CD Ballot (SC22 N2824, due 1999-01-26)
ISO/IEC 10967-2,
Information technology - Language independent arithmetic - Part 2:
Elementary numerical functions
Japan disapproves the draft for reasons shown below.
---------------------------------------------------------------------------
1. Error limit
The definition of conformity to this standard has been improved, but
there still remain some points to be revised.

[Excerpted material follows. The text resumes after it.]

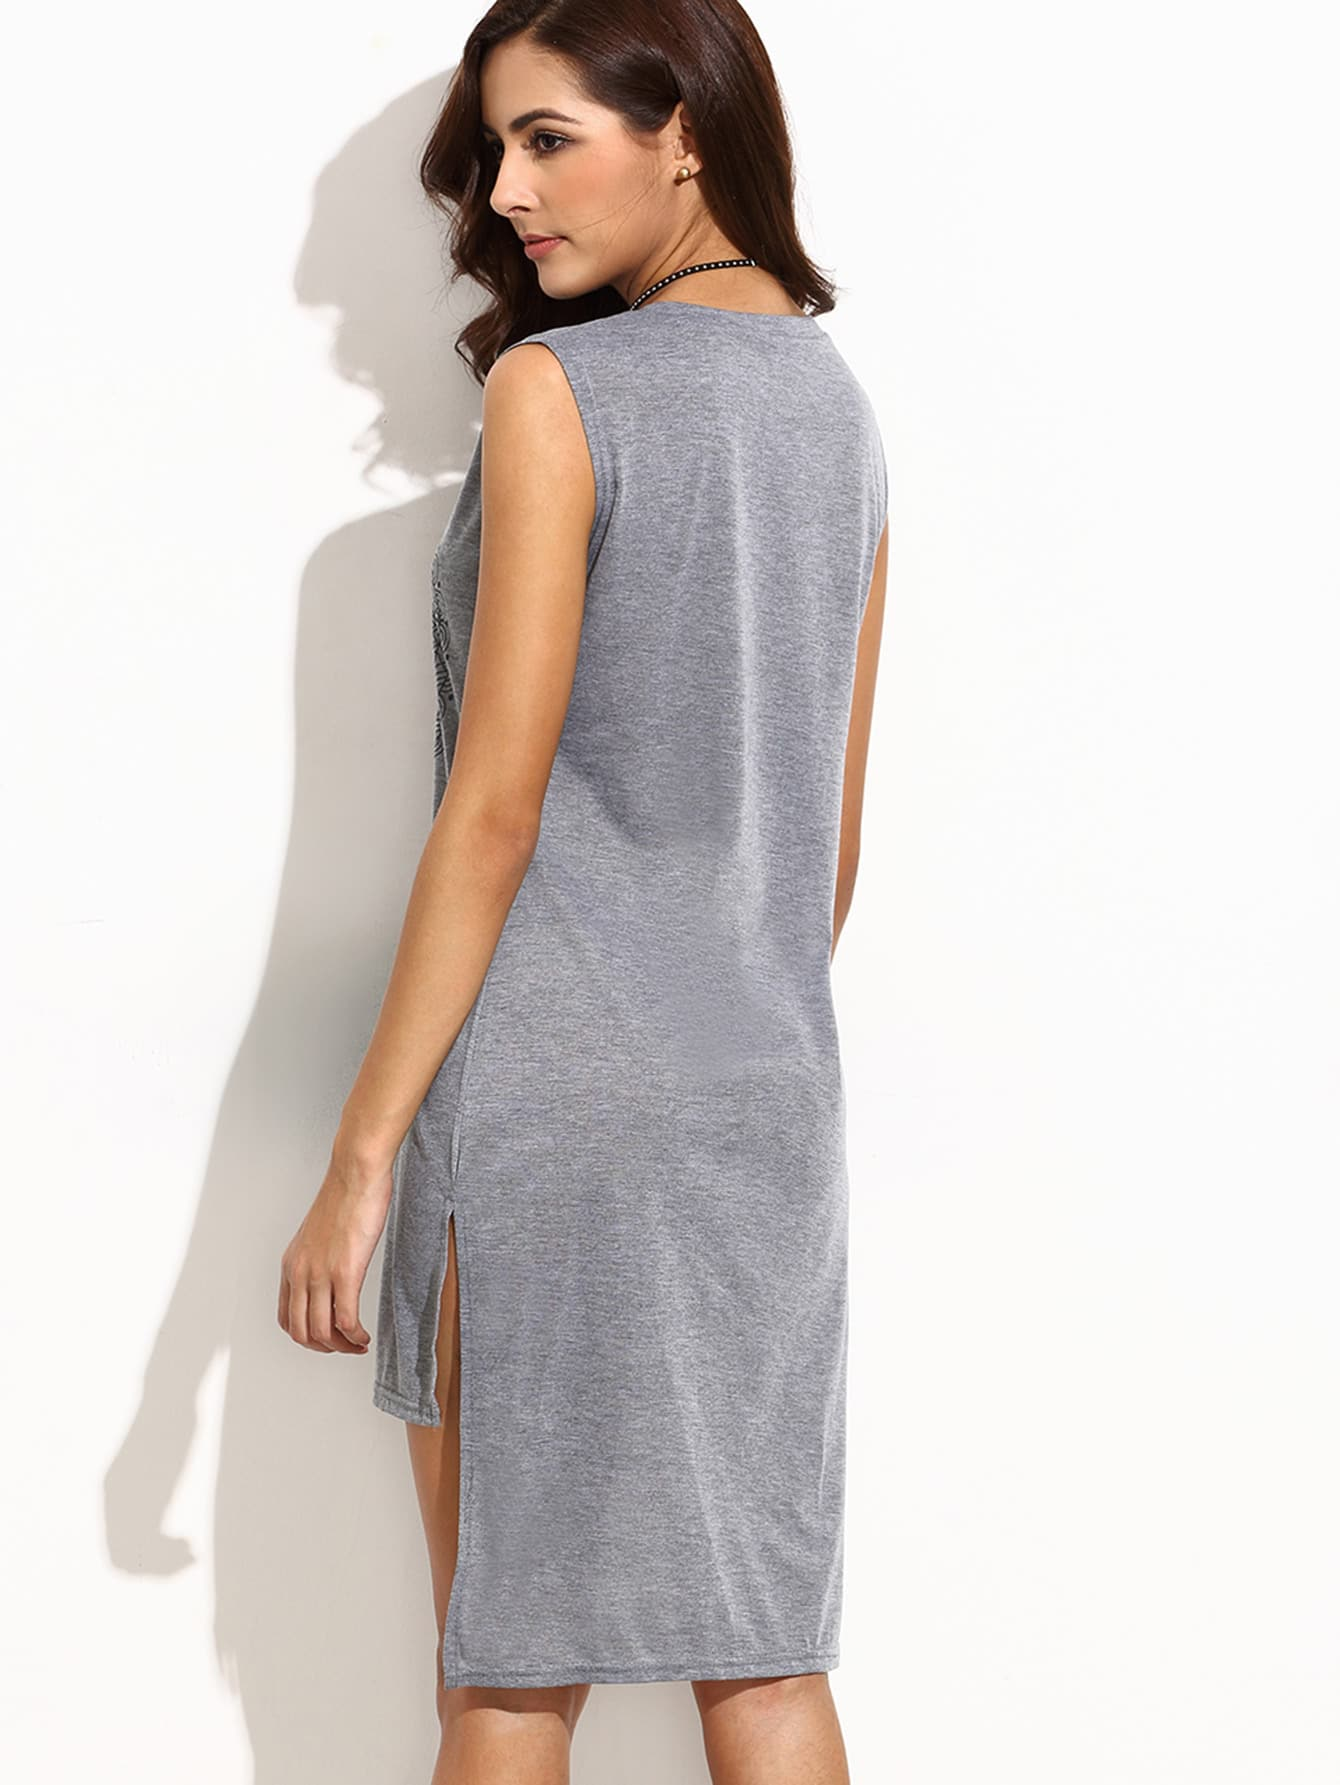 Heather Grey Circle Print High Low Slit Dress
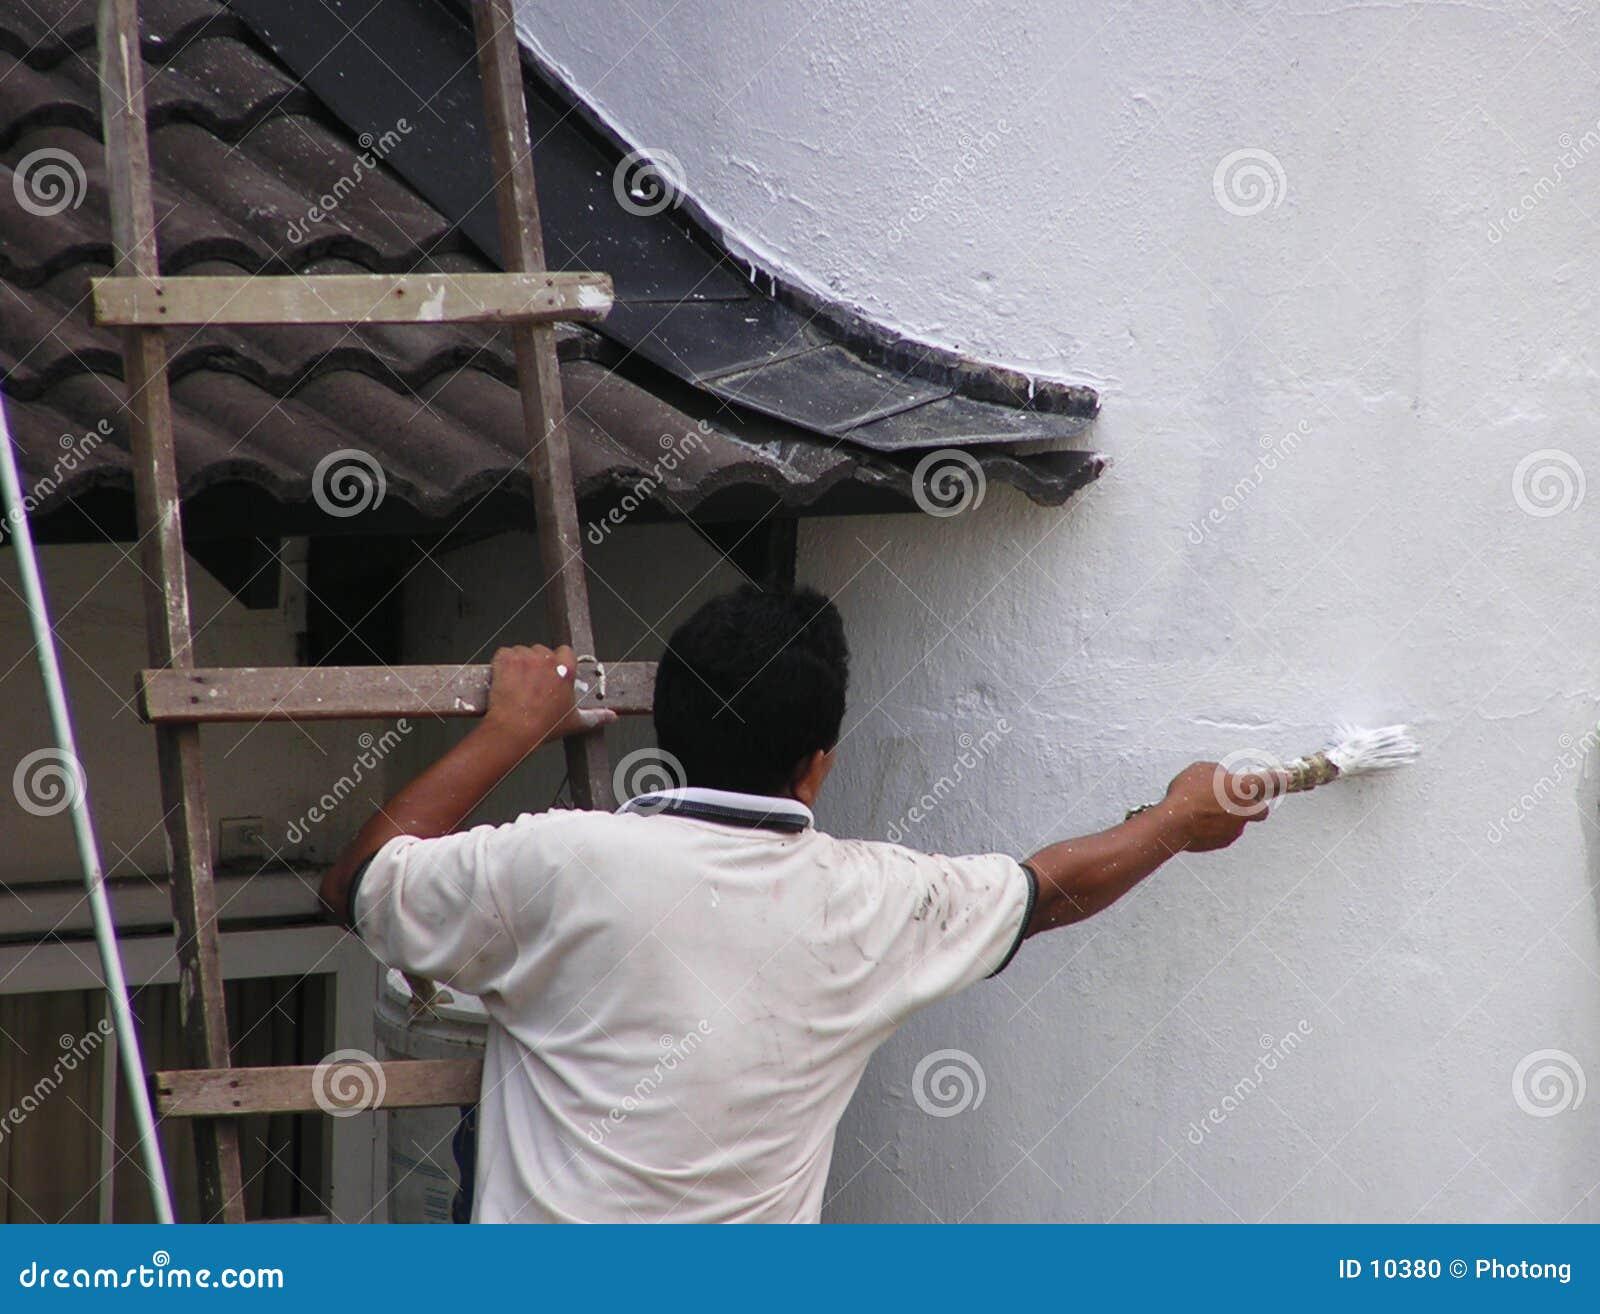 Man painting #2

We understand that the error limits of each function should be defined
by each implementation, not by binding standards. This interpretation
is supported by the descriptions in Clause 8 and Annex B. However, it
would also be possible to interpret that the error limits may be
defined by binding standards.
Error limits defined for Ada numeric functions are rather loose than
those defined in this standard. This leads to an unfortunate
consequence that Ada implementations conforming to the Ada standard
does not necessarily conform to this standard. We have heard that, in
order to escape from this situation, the binding standard for Ada can
itself define error limits larger than those defined in this standard.
We cannot deduce this explanation from the text of the standard. If
this explanation is a right one, it should be explicitly mentioned in
the text. In any case, it should be clearly defined whether a binding
standard can define error limits or not.
In A.2, it is suggested that a binding standard should define error
limits, but this can only be taken as informative. The same thing
should be stated in the normative part of the standard.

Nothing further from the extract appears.